● **Task instructions**: Give the data again word for word; drop the pictures.

● **Source material**:
::::::
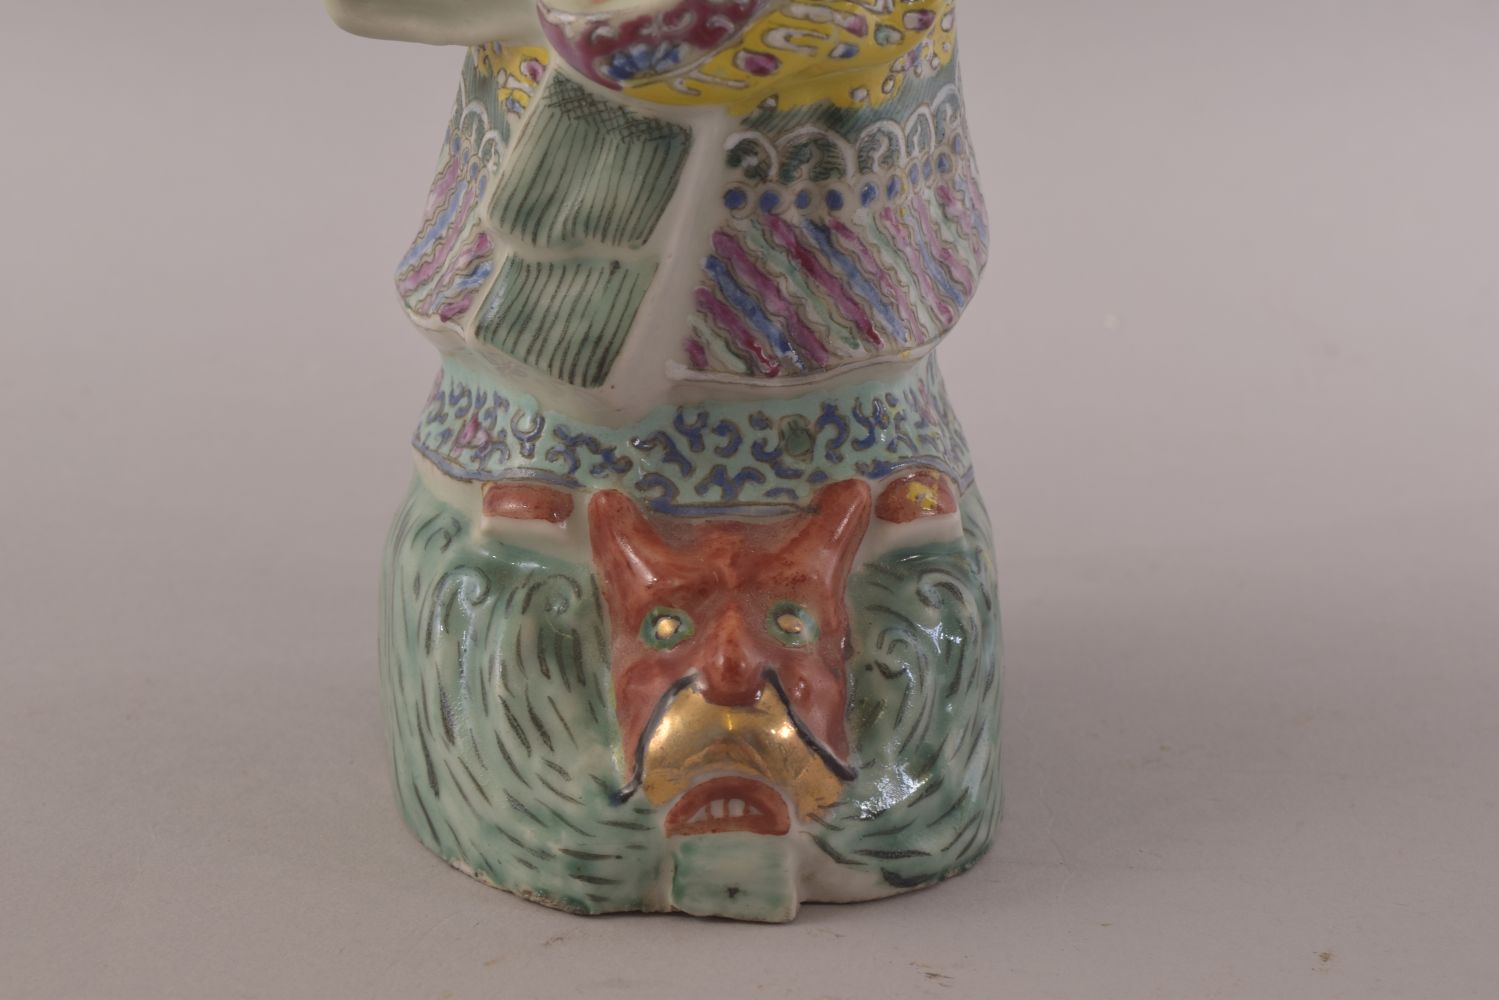 A CHINESE FAMILLE ROSE PORCELAIN FIGURE OF A SAGE, stood upon a wave formation with a mask of a - Image 7 of 8
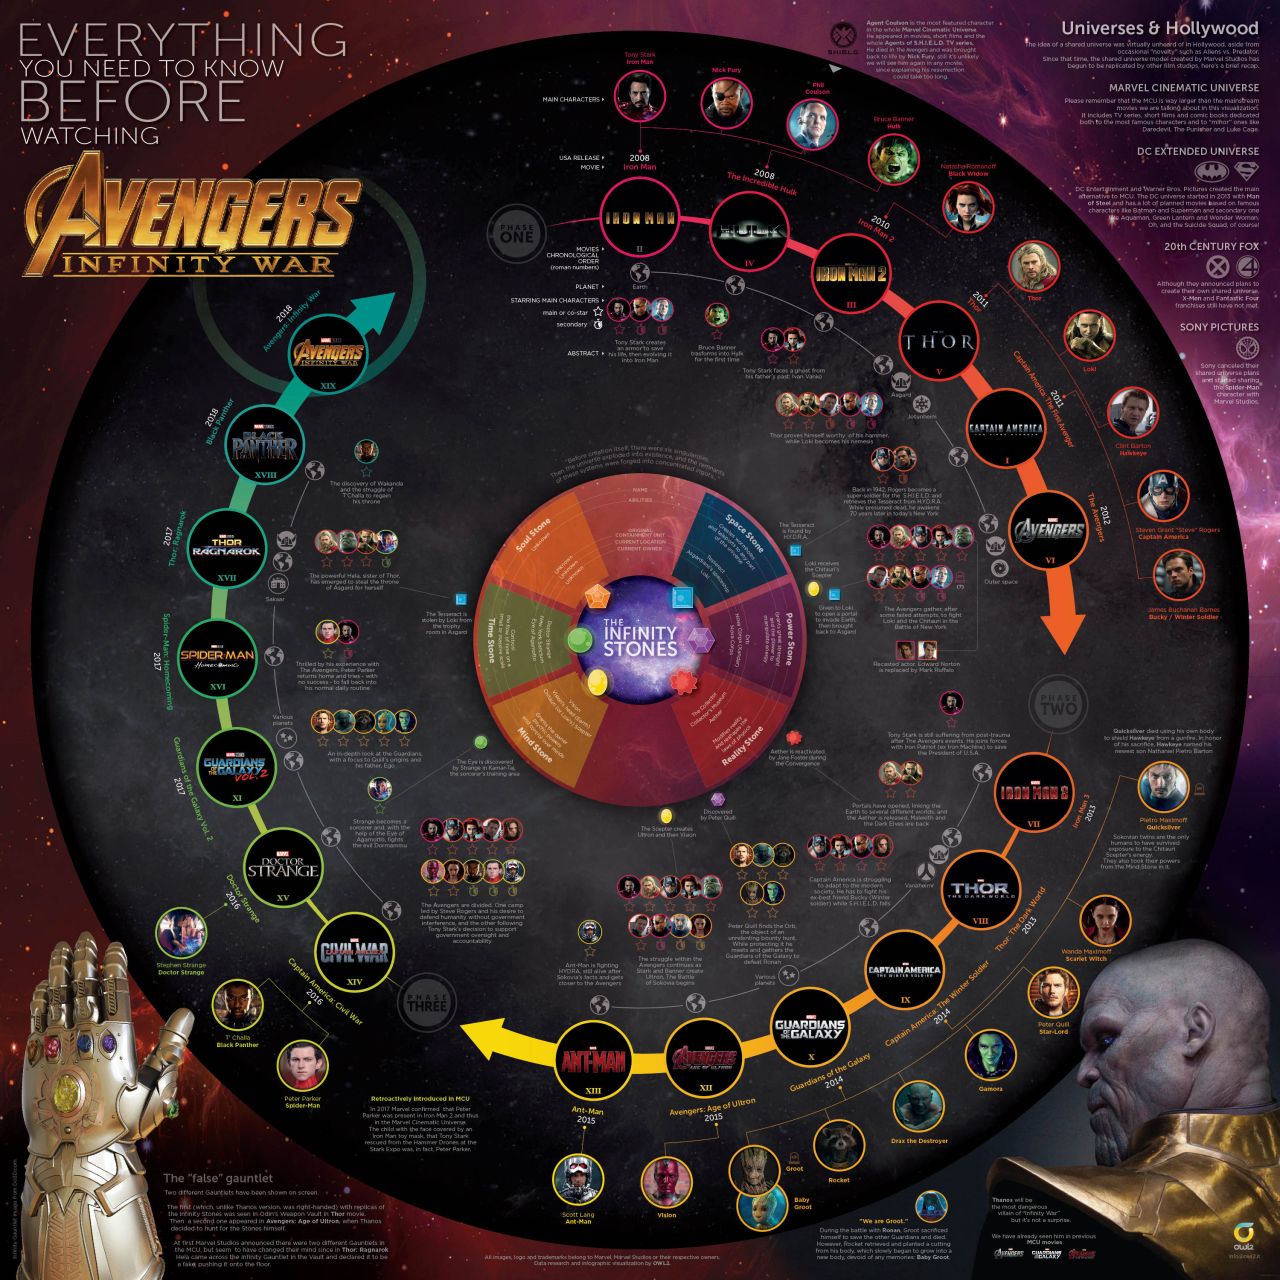 Everything You Need To Know Before Seeing Avengers: Infinity War [Infographic]
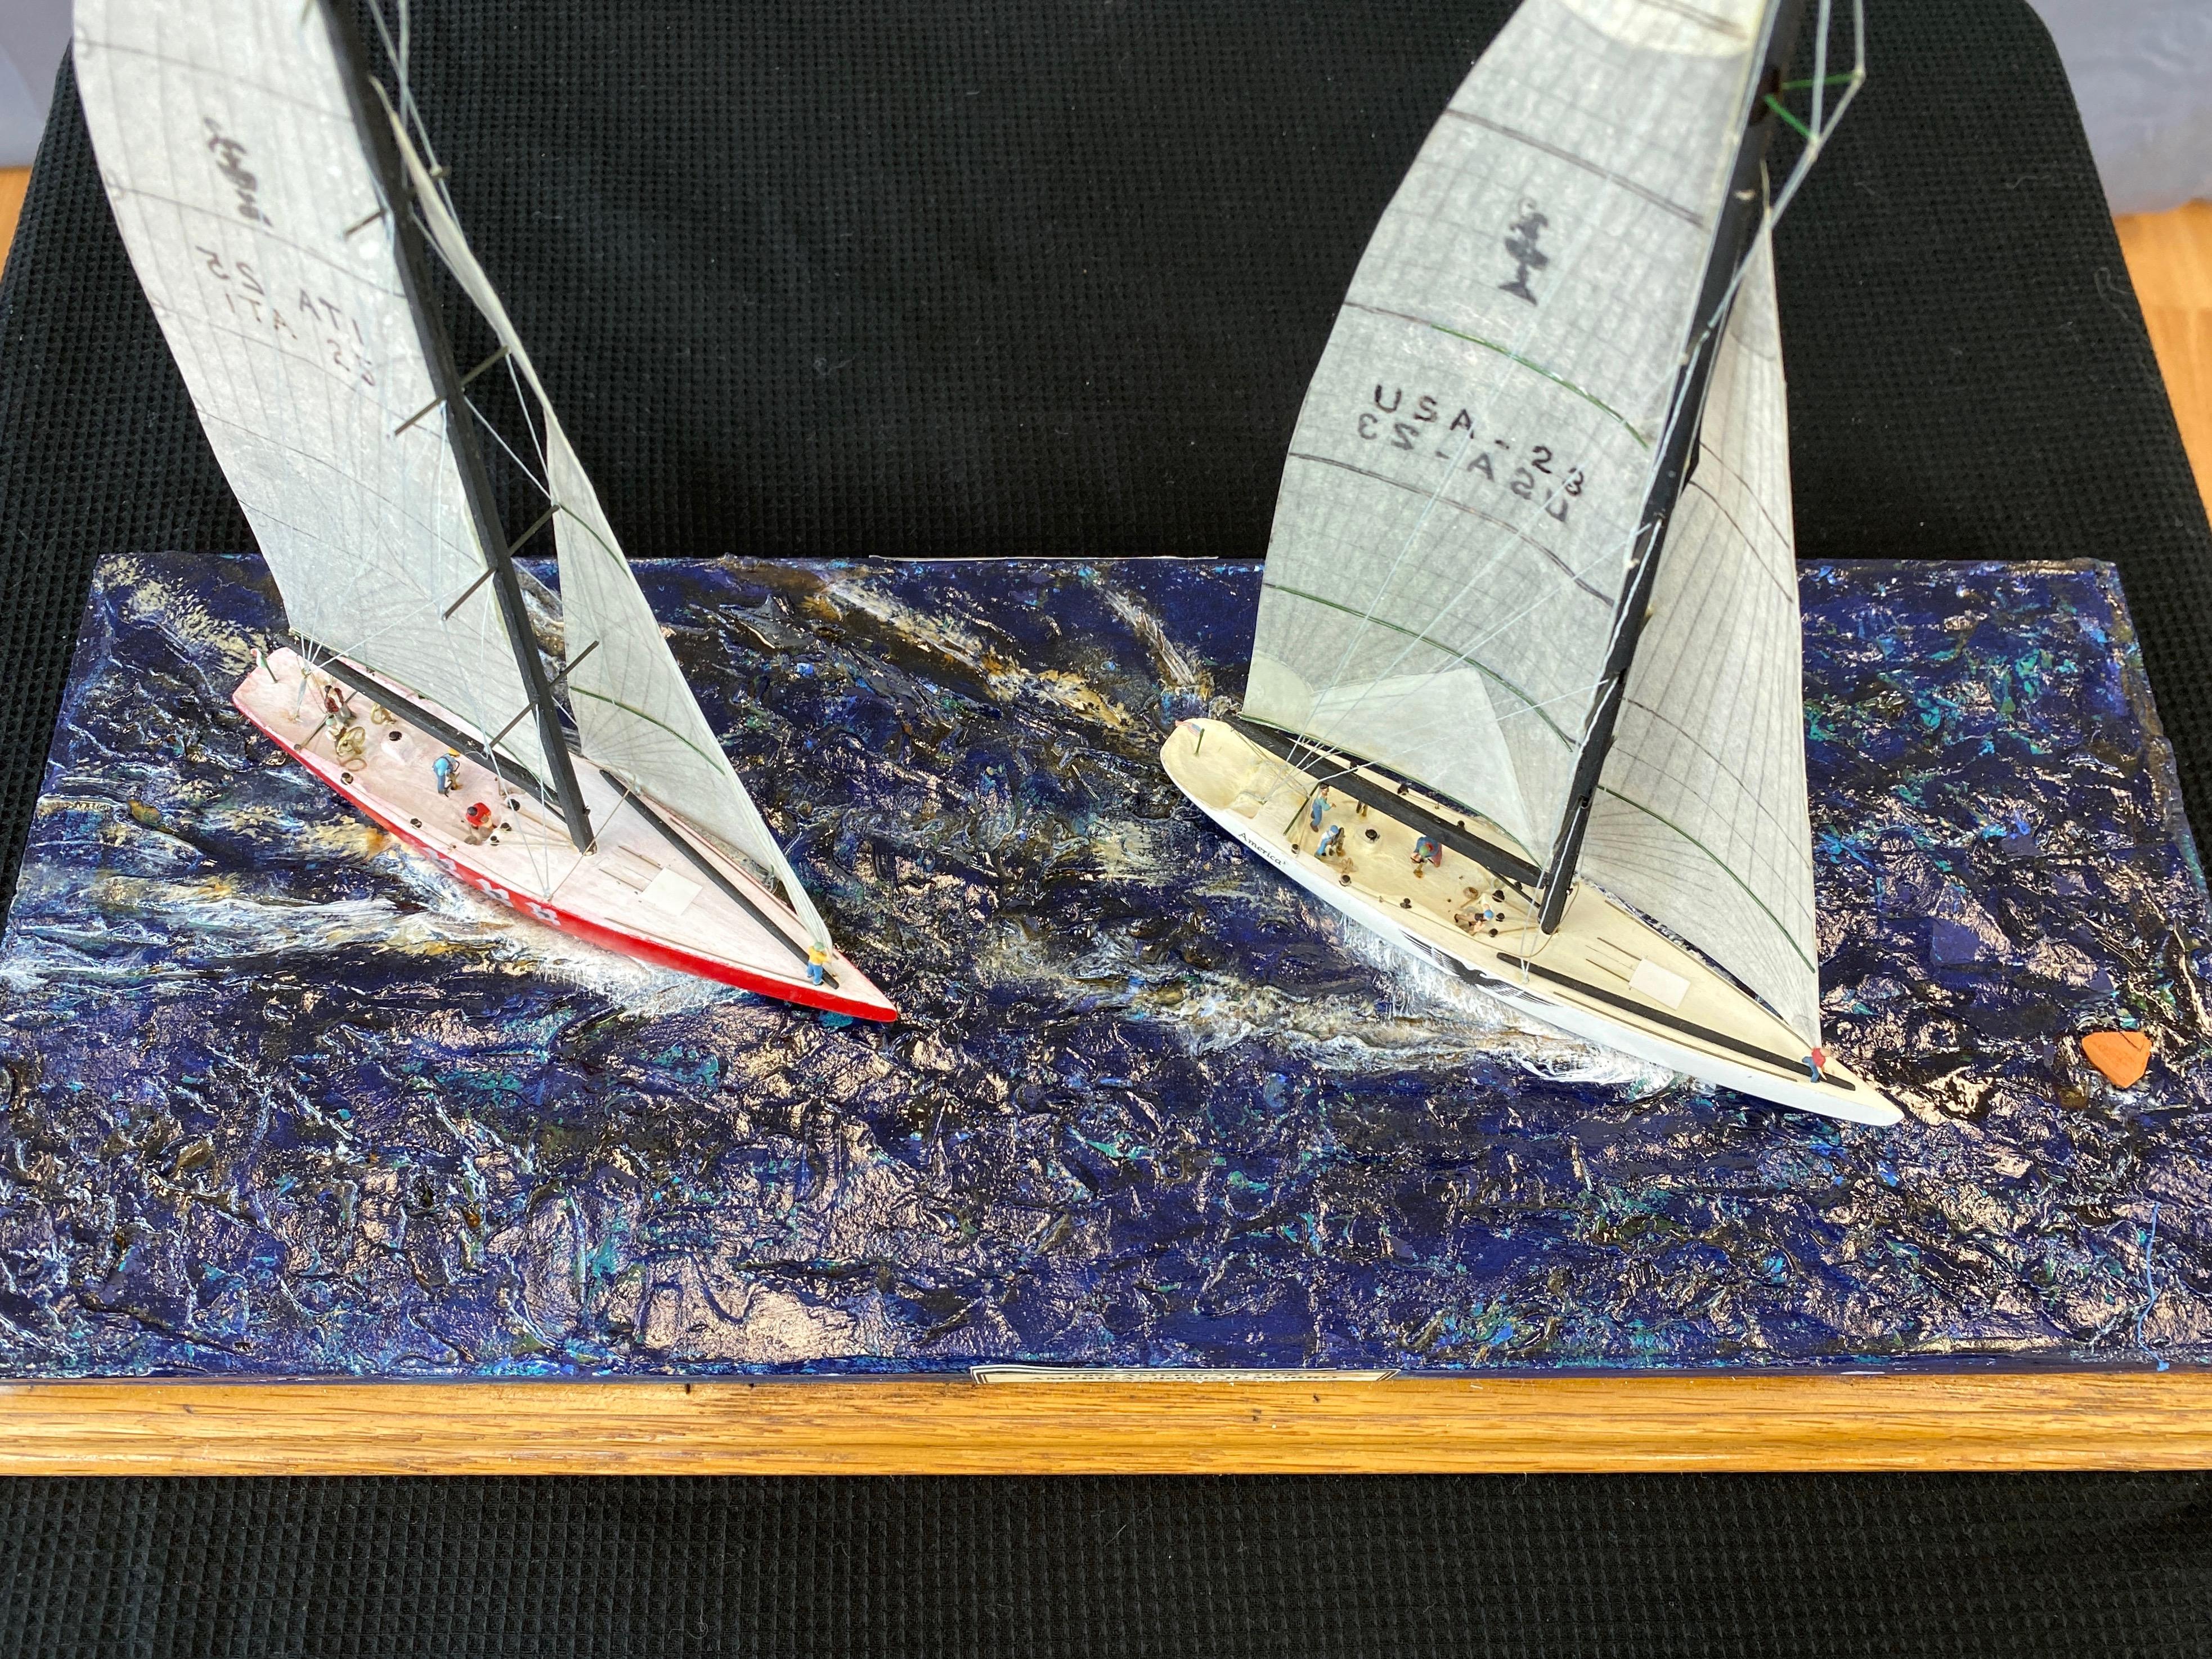 R. Royer 1992 28th America’s Cup Hand-Built Cased Diorama, 2009 1
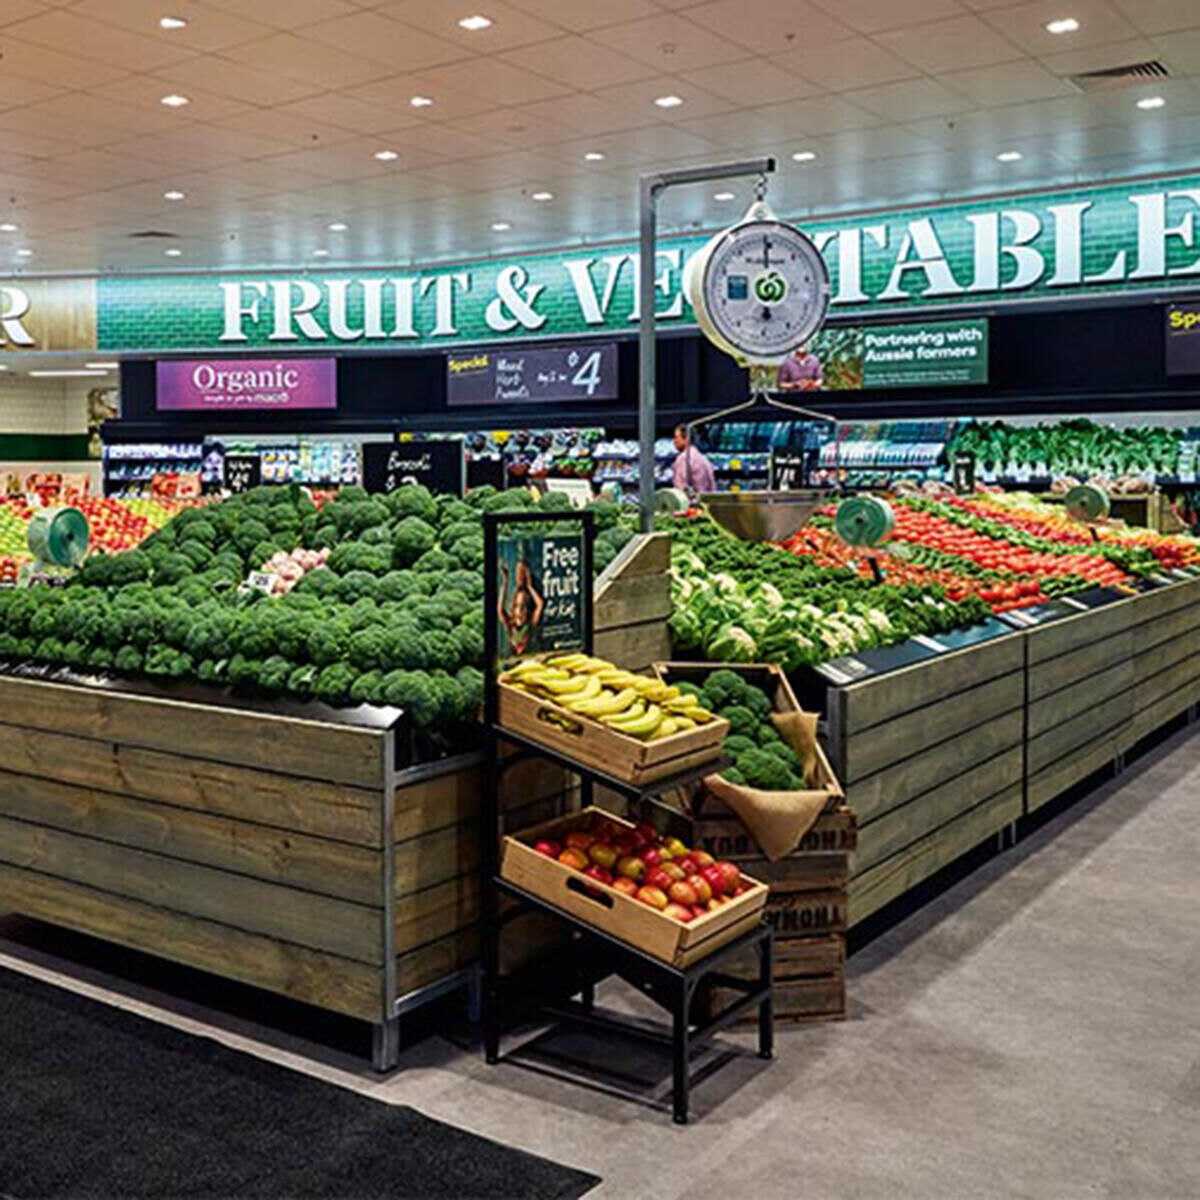 Woolworths Healthier Options to help shoppers make small but meaningful changes
::::::
● **Answer section**:
 A CHINESE FAMILLE ROSE PORCELAIN FIGURE OF A SAGE, stood upon a wave formation with a mask of a - Image 7 of 8
 Everything You Need To Know Before Seeing Avengers: Infinity War [Infographic]
 R. Royer 1992 28th America’s Cup Hand-Built Cased Diorama, 2009 1
 Woolworths Healthier Options to help shoppers make small but meaningful changes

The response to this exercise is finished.